==== DATASET CONTENT ====
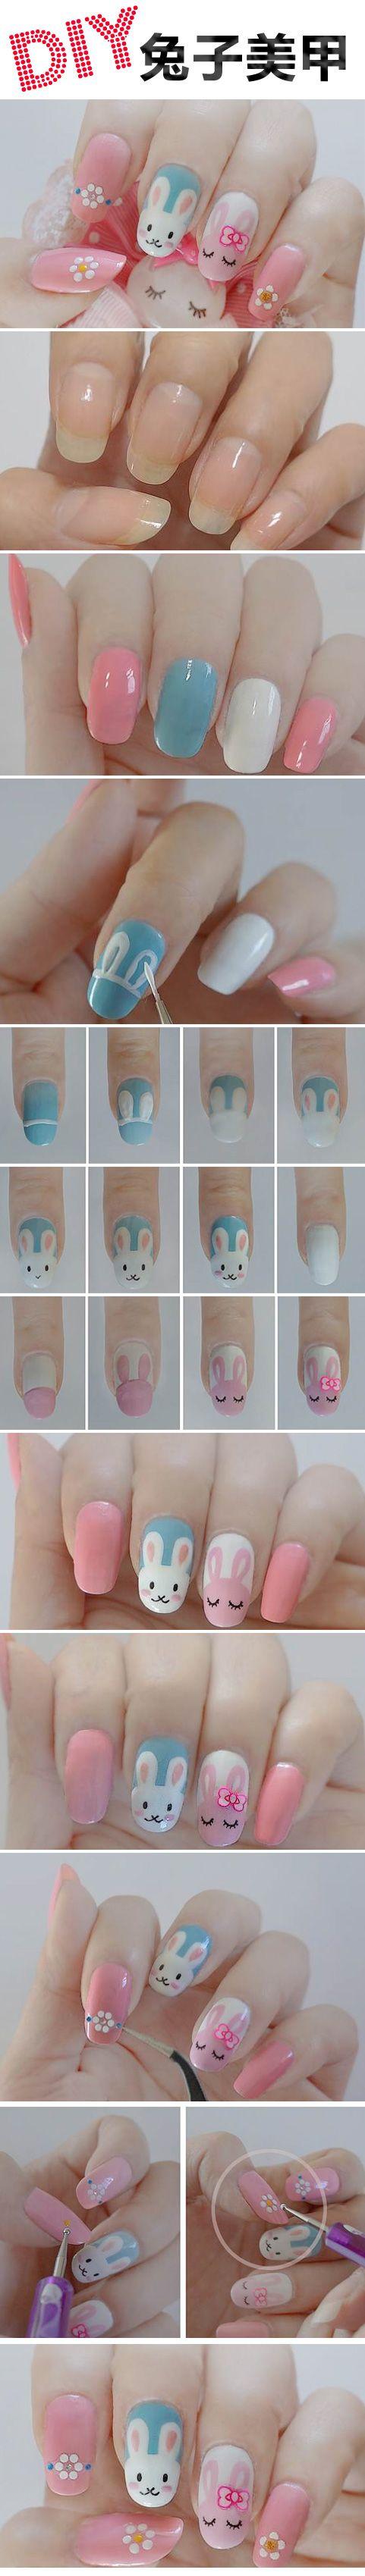 15 Amazing And Useful Nails Tutorials, DIY Cute Rabbit Nail Design
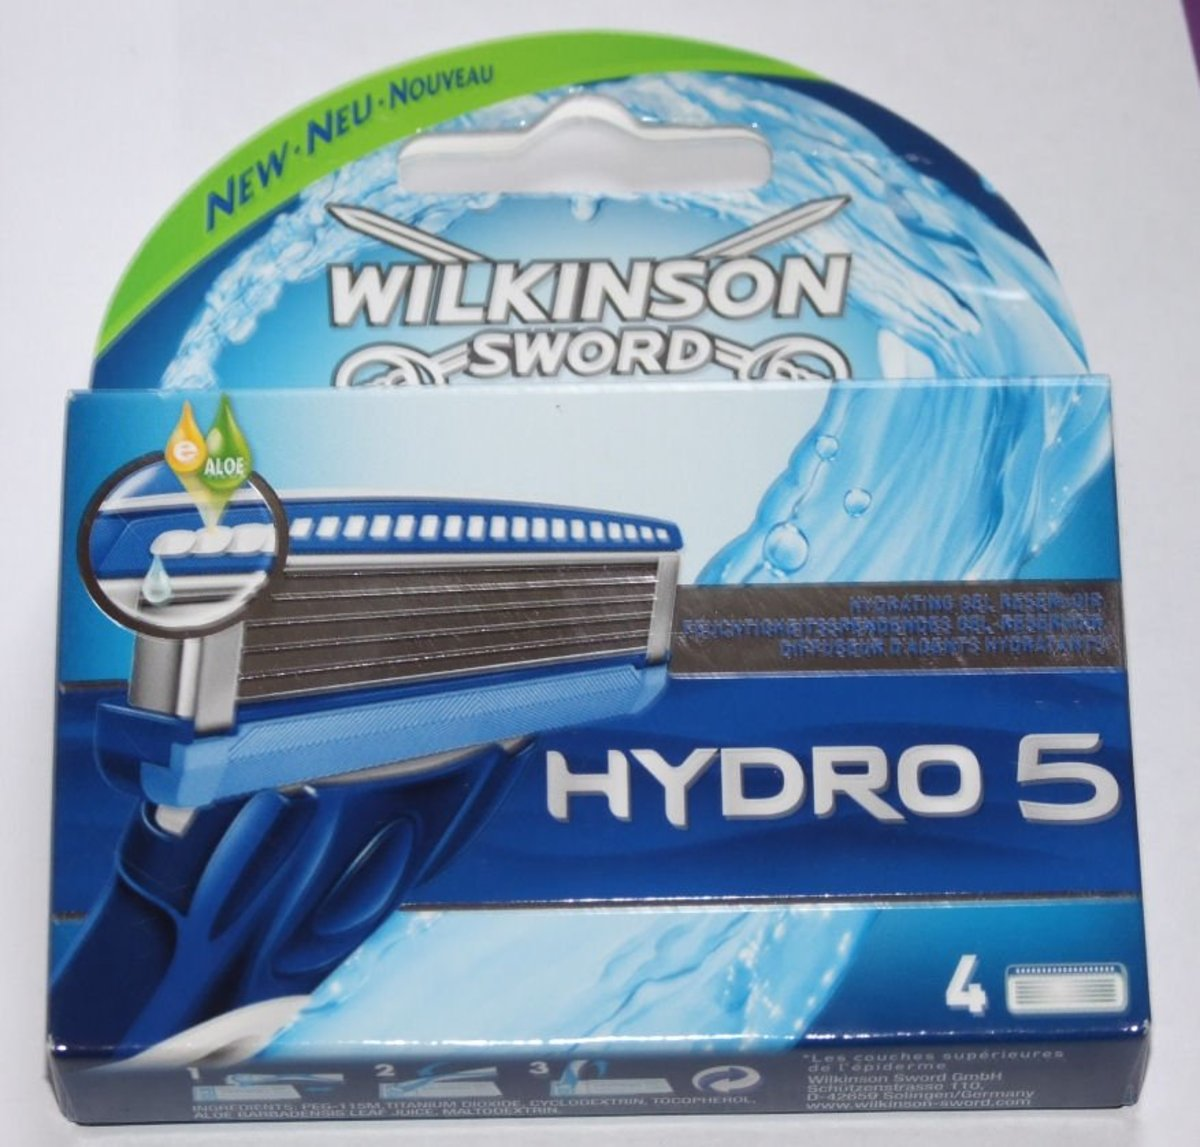 Wilkinsons Sword Hydro 5 Review - Vs the Quattro and Gillette Fusion
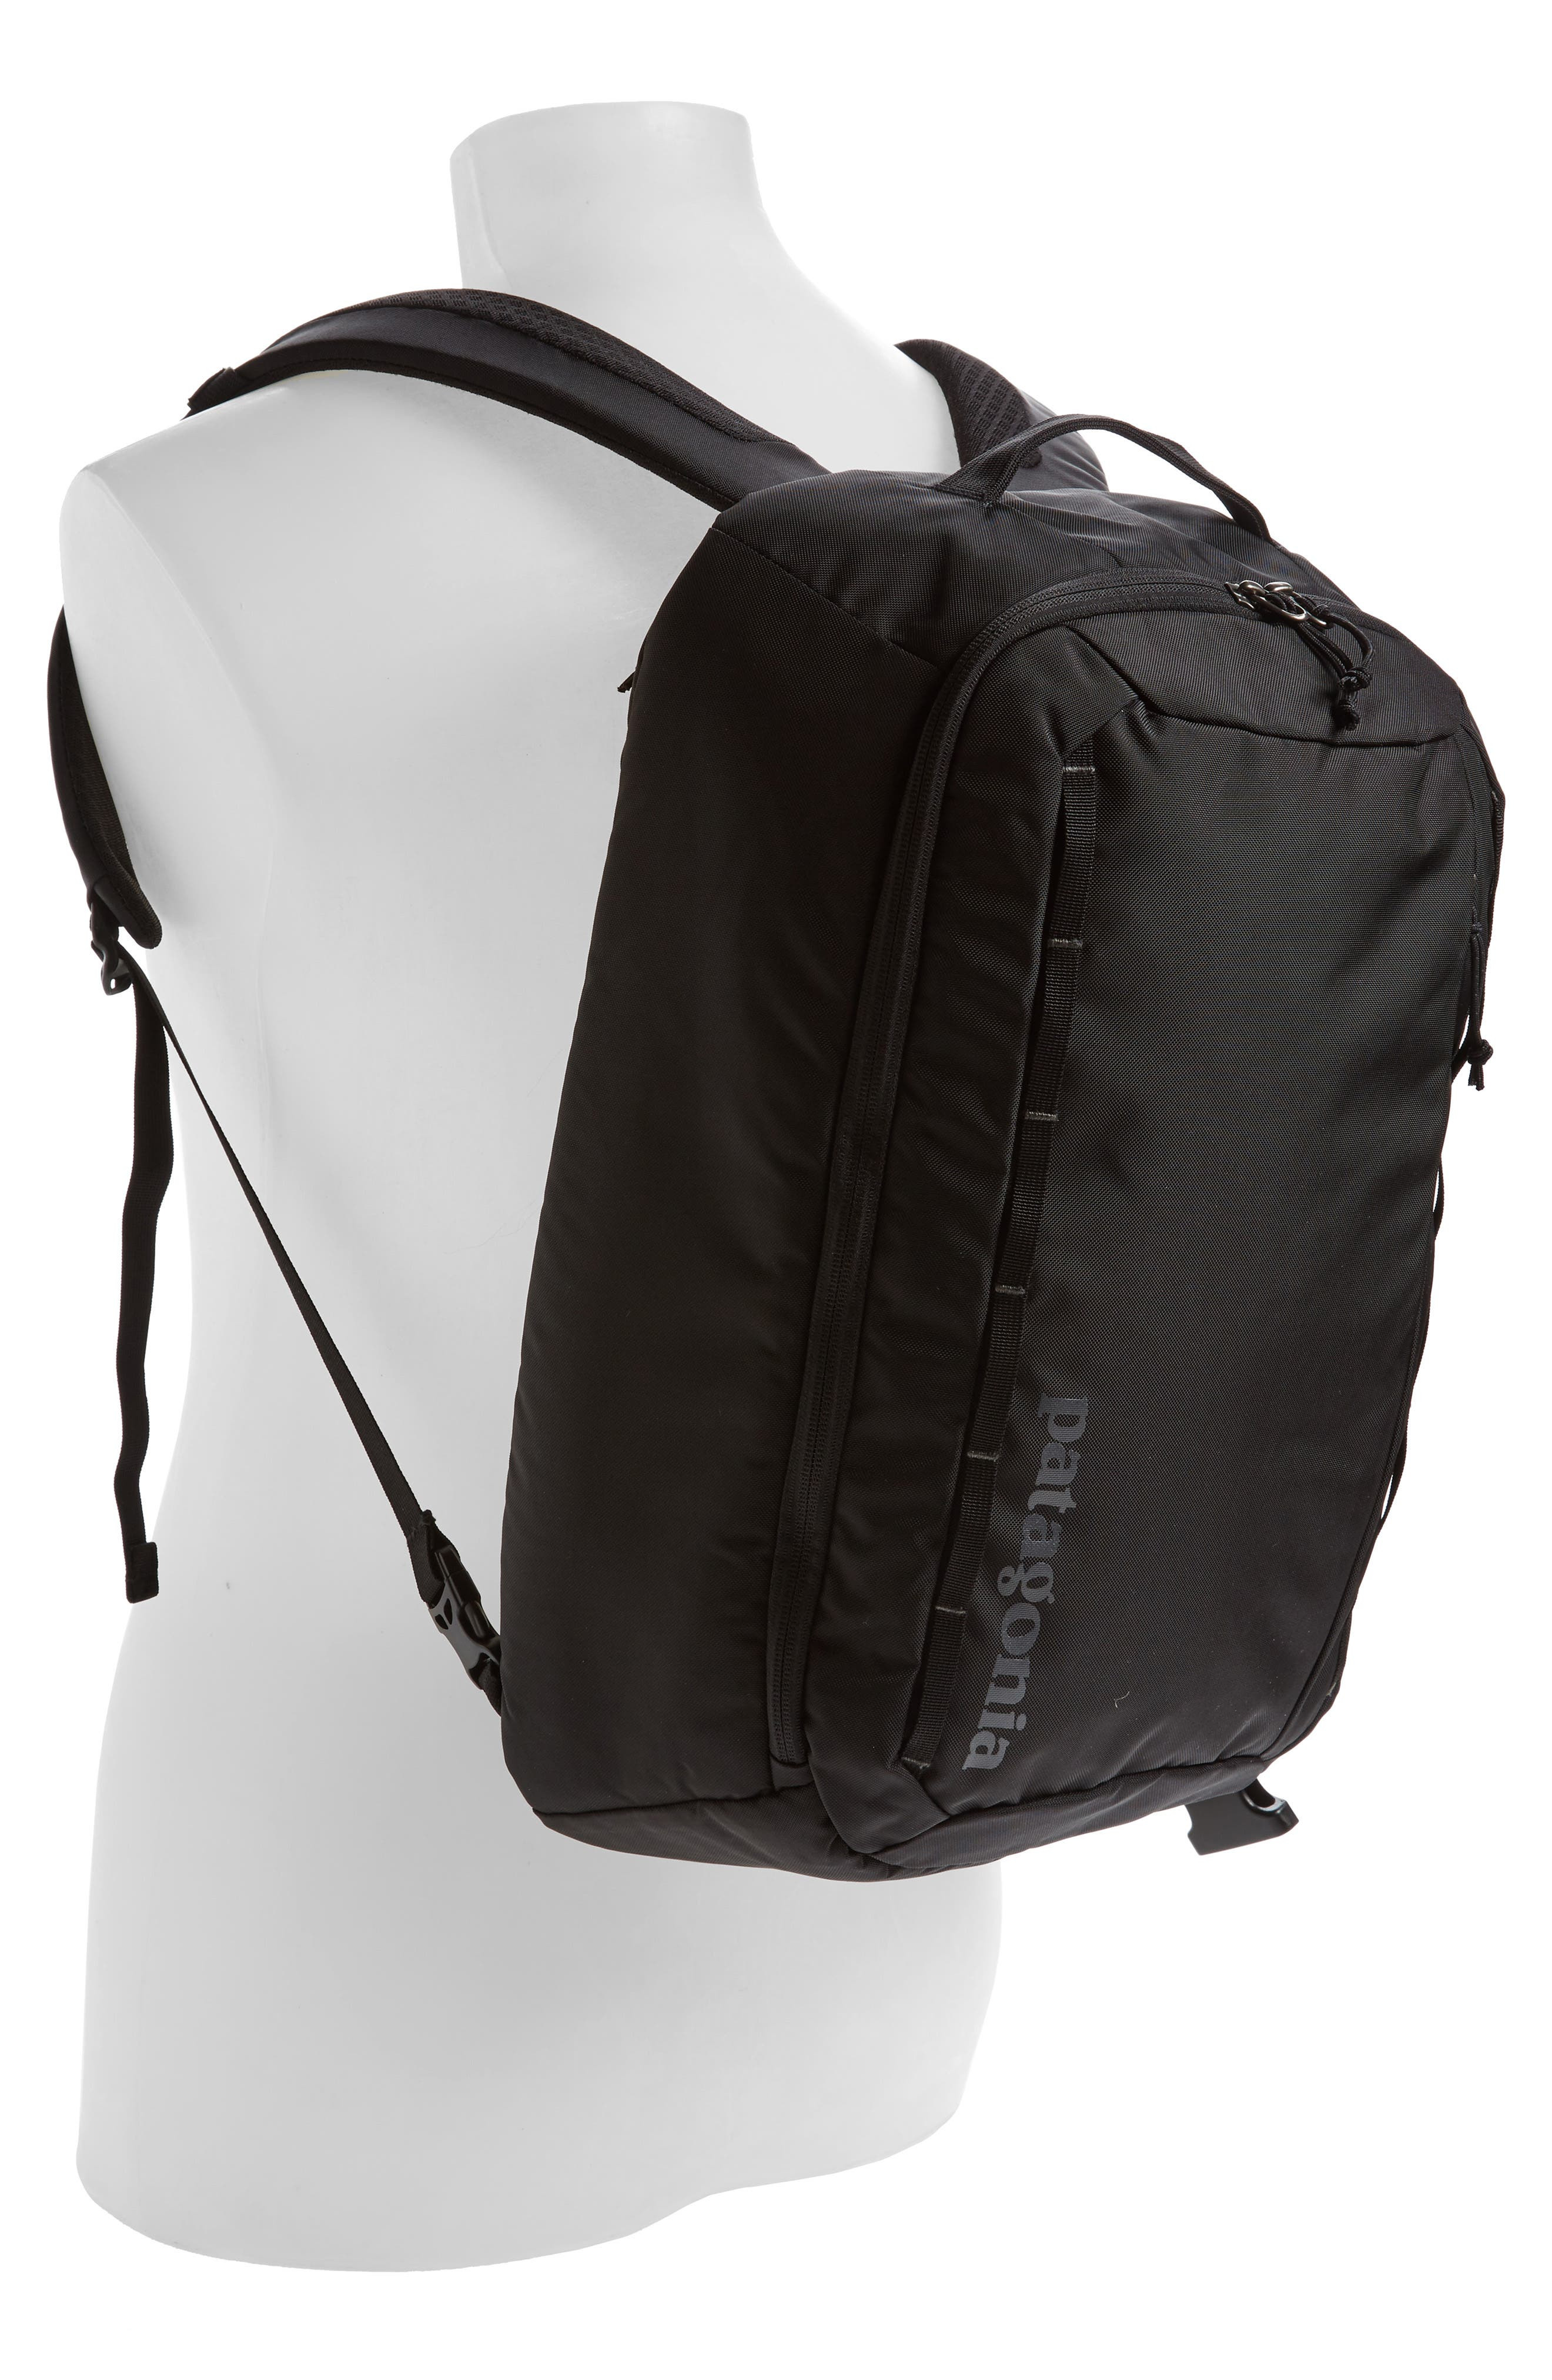 Tres 25-Liter Convertible Backpack,                             Alternate thumbnail 2, color,                             BLACK
====
**INSTRUCTIONS FOR THE TASK**
Copy the data exactly. Pictures do not belong in the copy.

**RESPONSE AREA**
 15 Amazing And Useful Nails Tutorials, DIY Cute Rabbit Nail Design
 Wilkinsons Sword Hydro 5 Review - Vs the Quattro and Gillette Fusion
 Tres 25-Liter Convertible Backpack,                             Alternate thumbnail 2, color,                             BLACK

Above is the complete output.